• _Problem to work on_
Below are entries with pictures among them; reproduce exactly, and only, the lines from the one containing "14ct gold and" down to the one containing "Image of Refined", without the pictures.

• _Information provided_
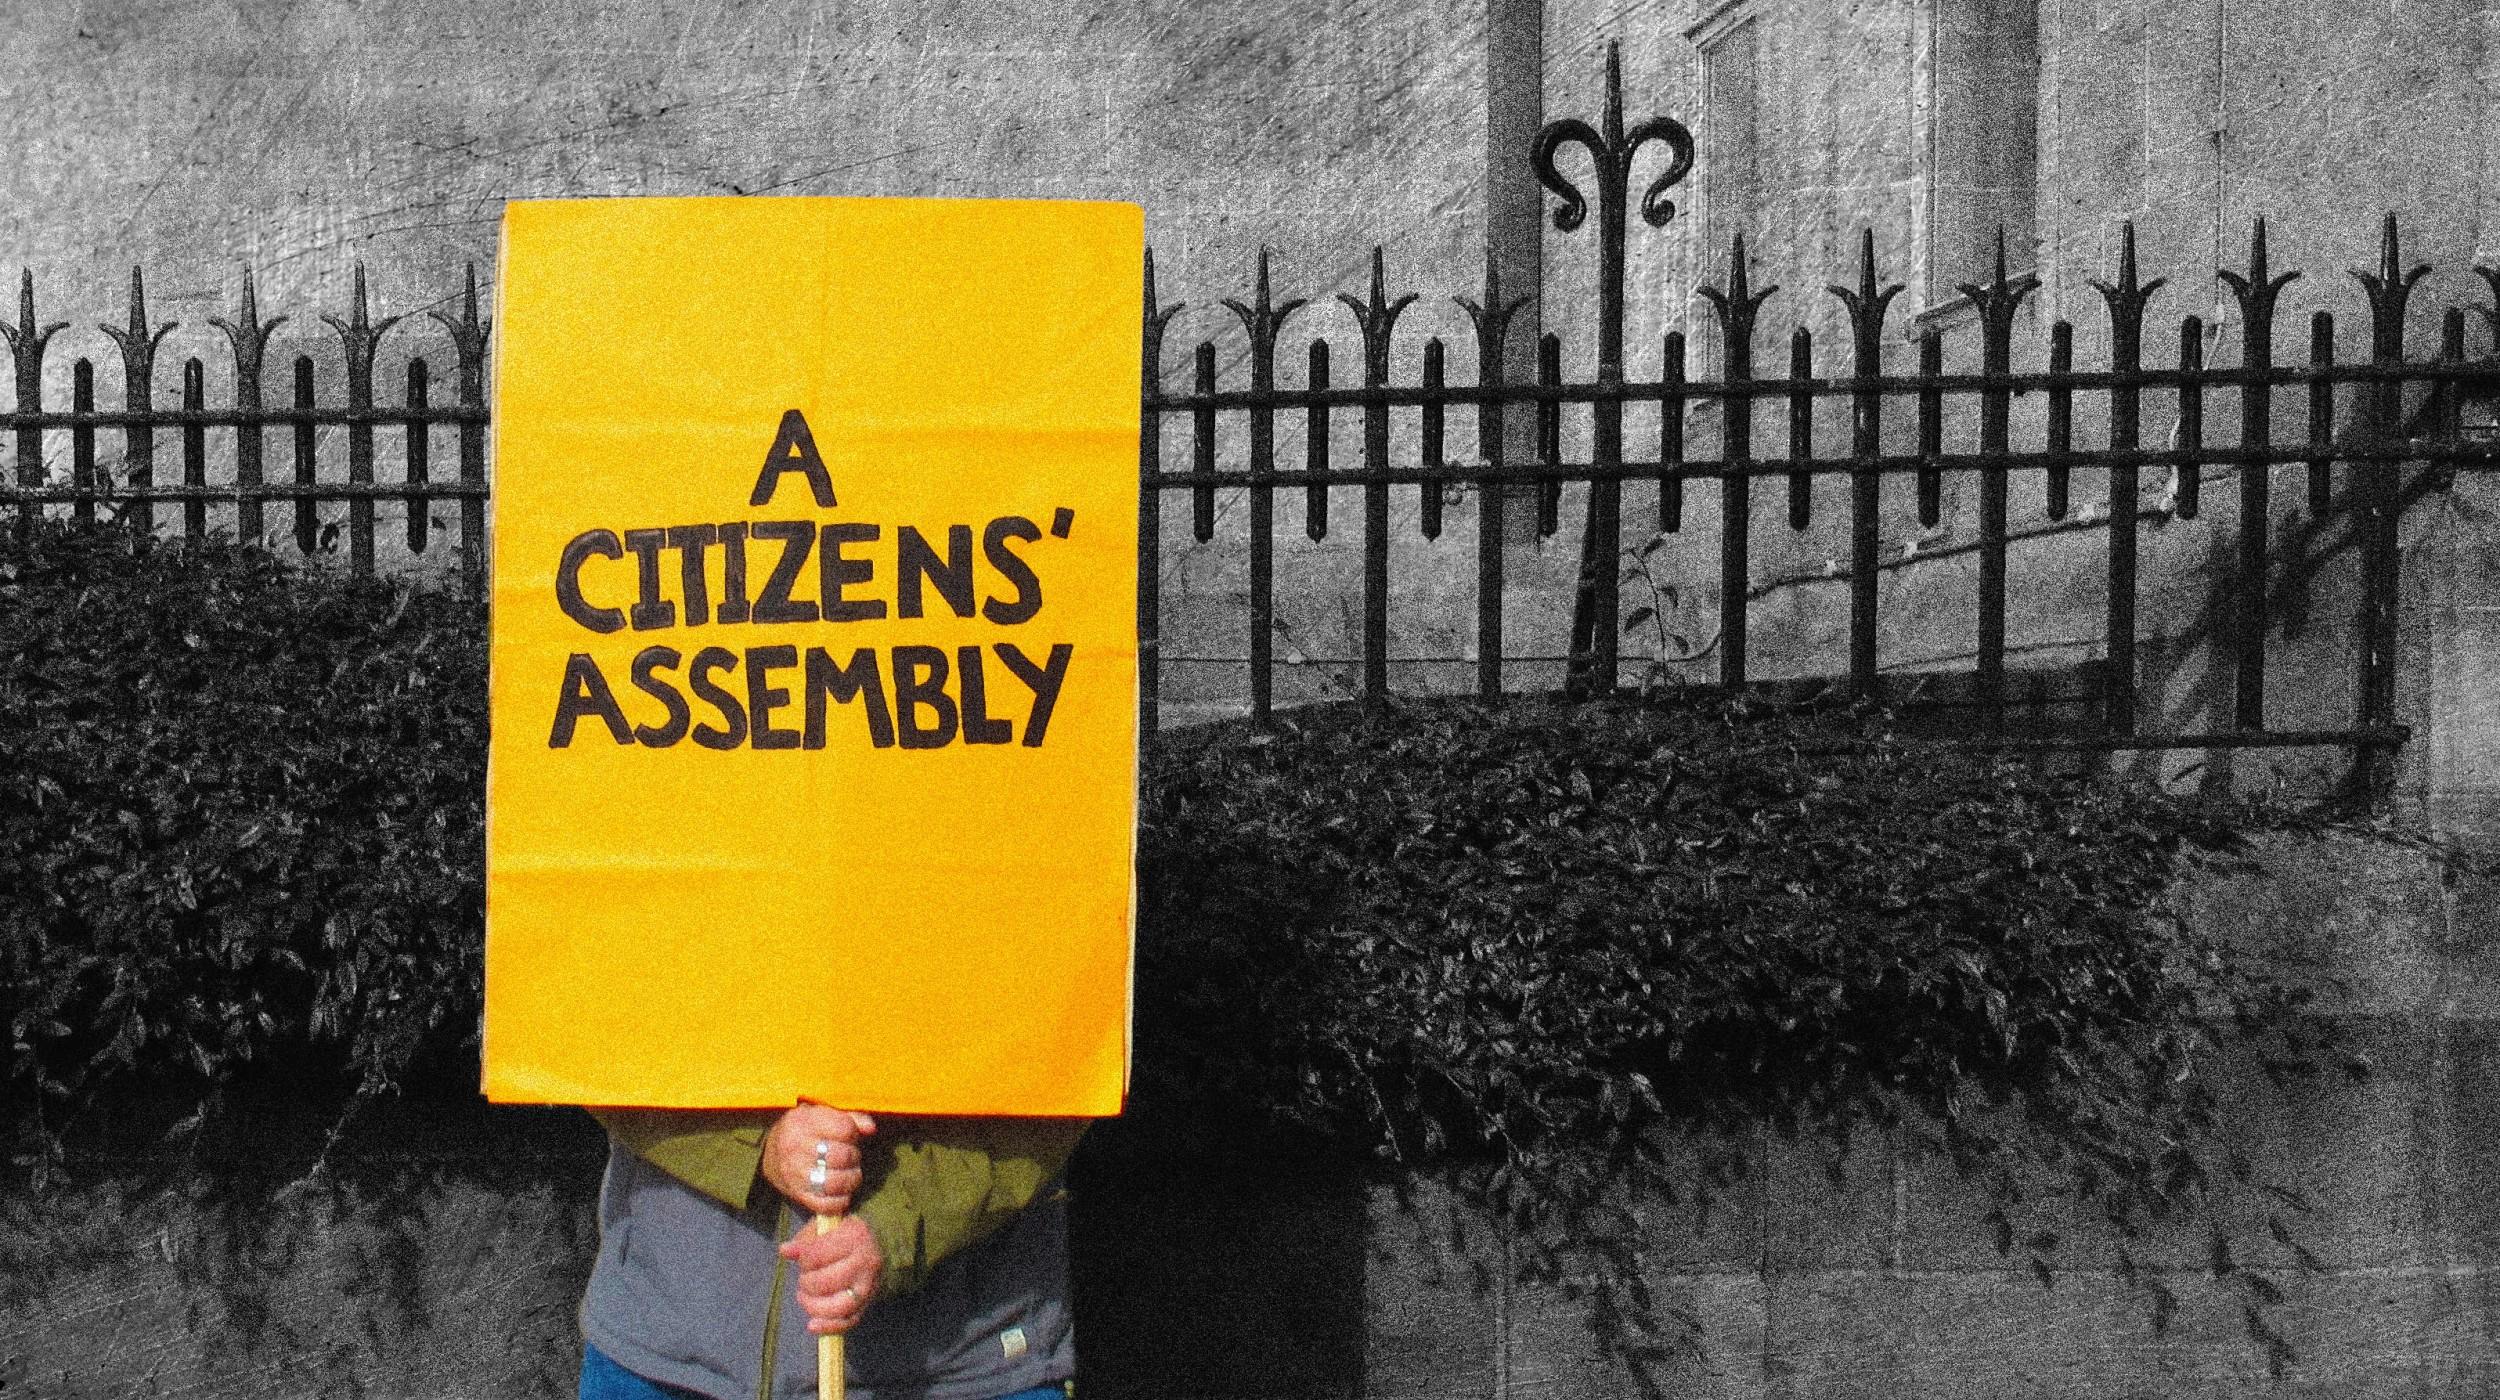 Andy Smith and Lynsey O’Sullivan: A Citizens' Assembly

--

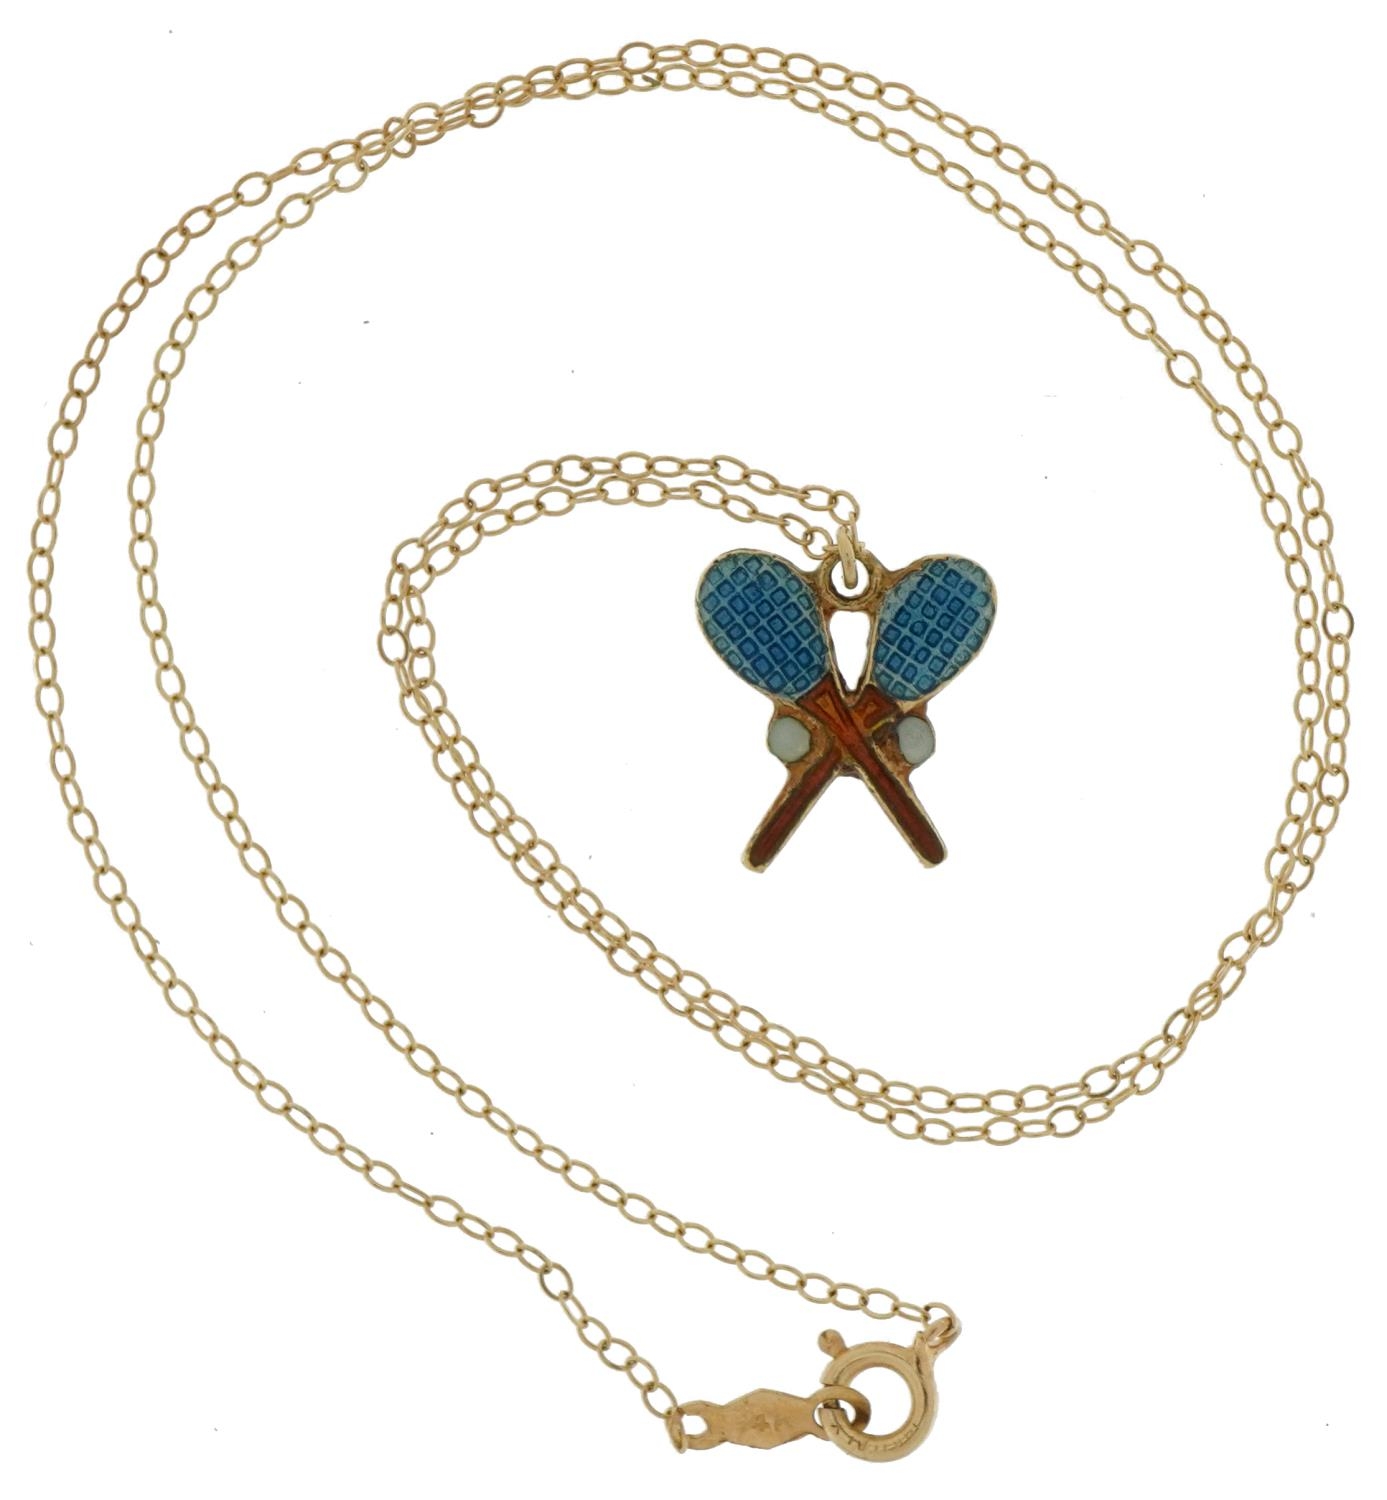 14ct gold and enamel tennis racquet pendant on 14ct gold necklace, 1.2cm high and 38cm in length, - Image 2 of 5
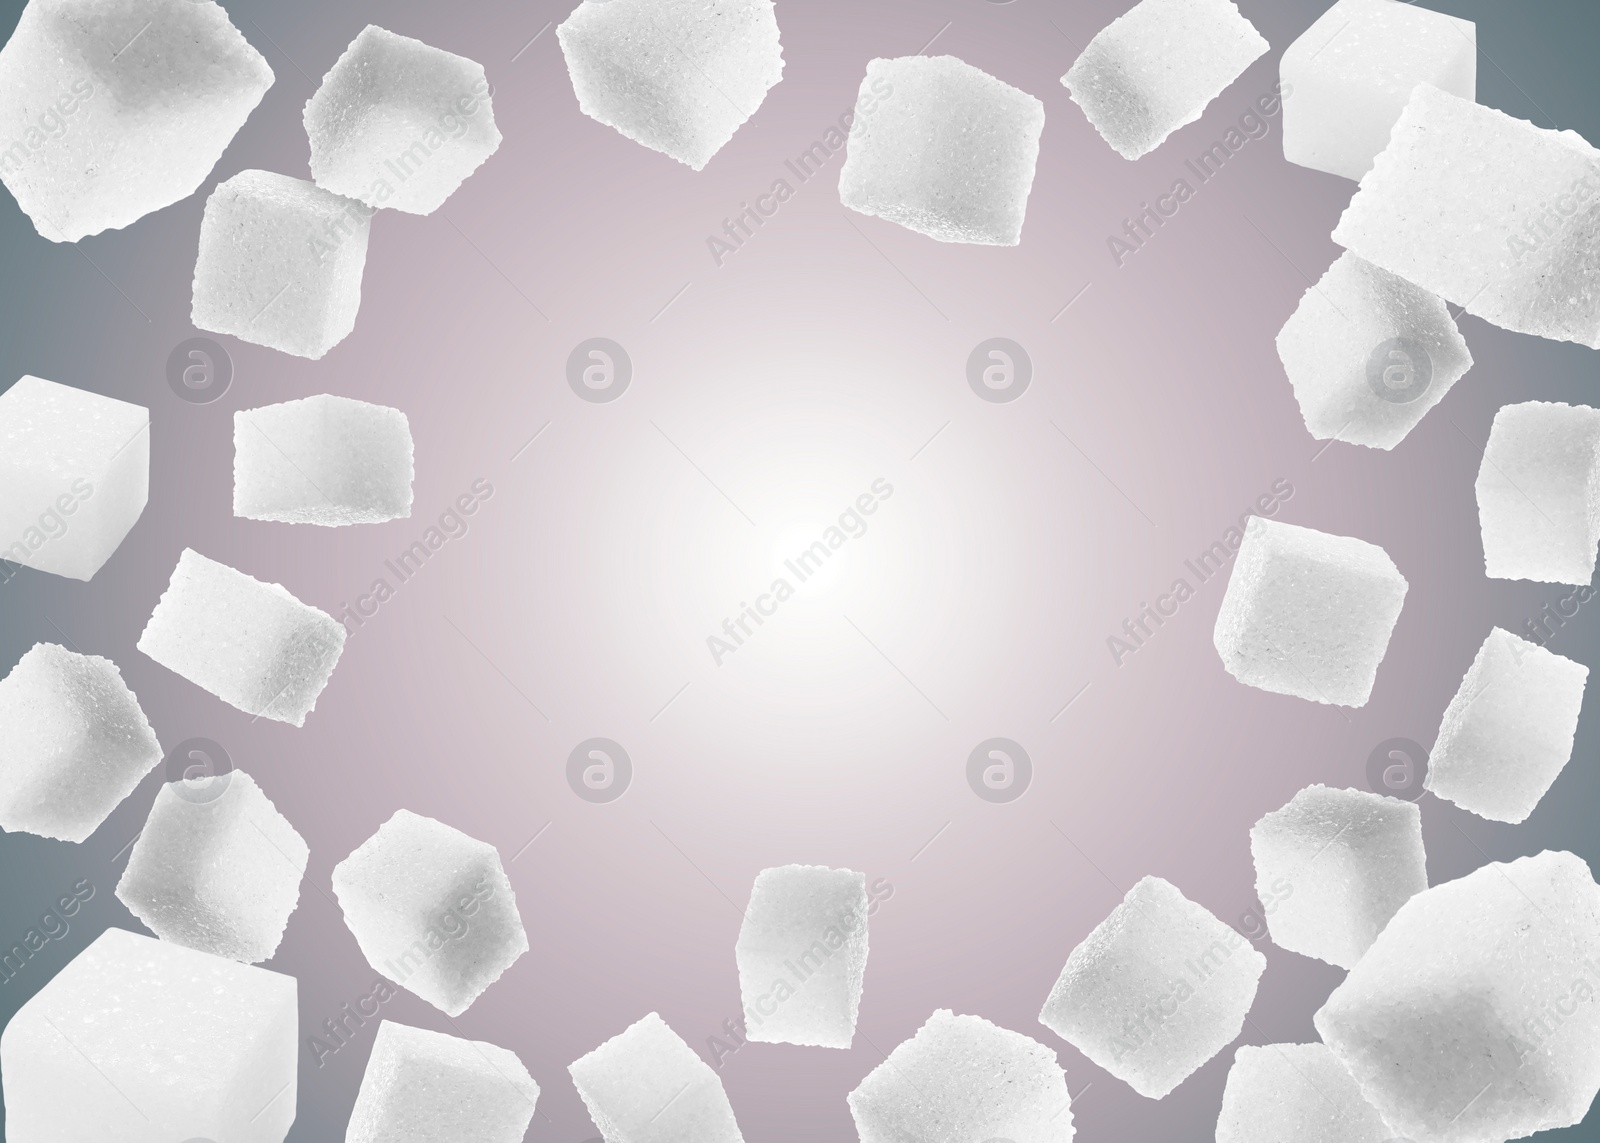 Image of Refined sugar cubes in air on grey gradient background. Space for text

• _Solution to the exercise_
 14ct gold and enamel tennis racquet pendant on 14ct gold necklace, 1.2cm high and 38cm in length, - Image 2 of 5
 Image of Refined sugar cubes in air on grey gradient background. Space for text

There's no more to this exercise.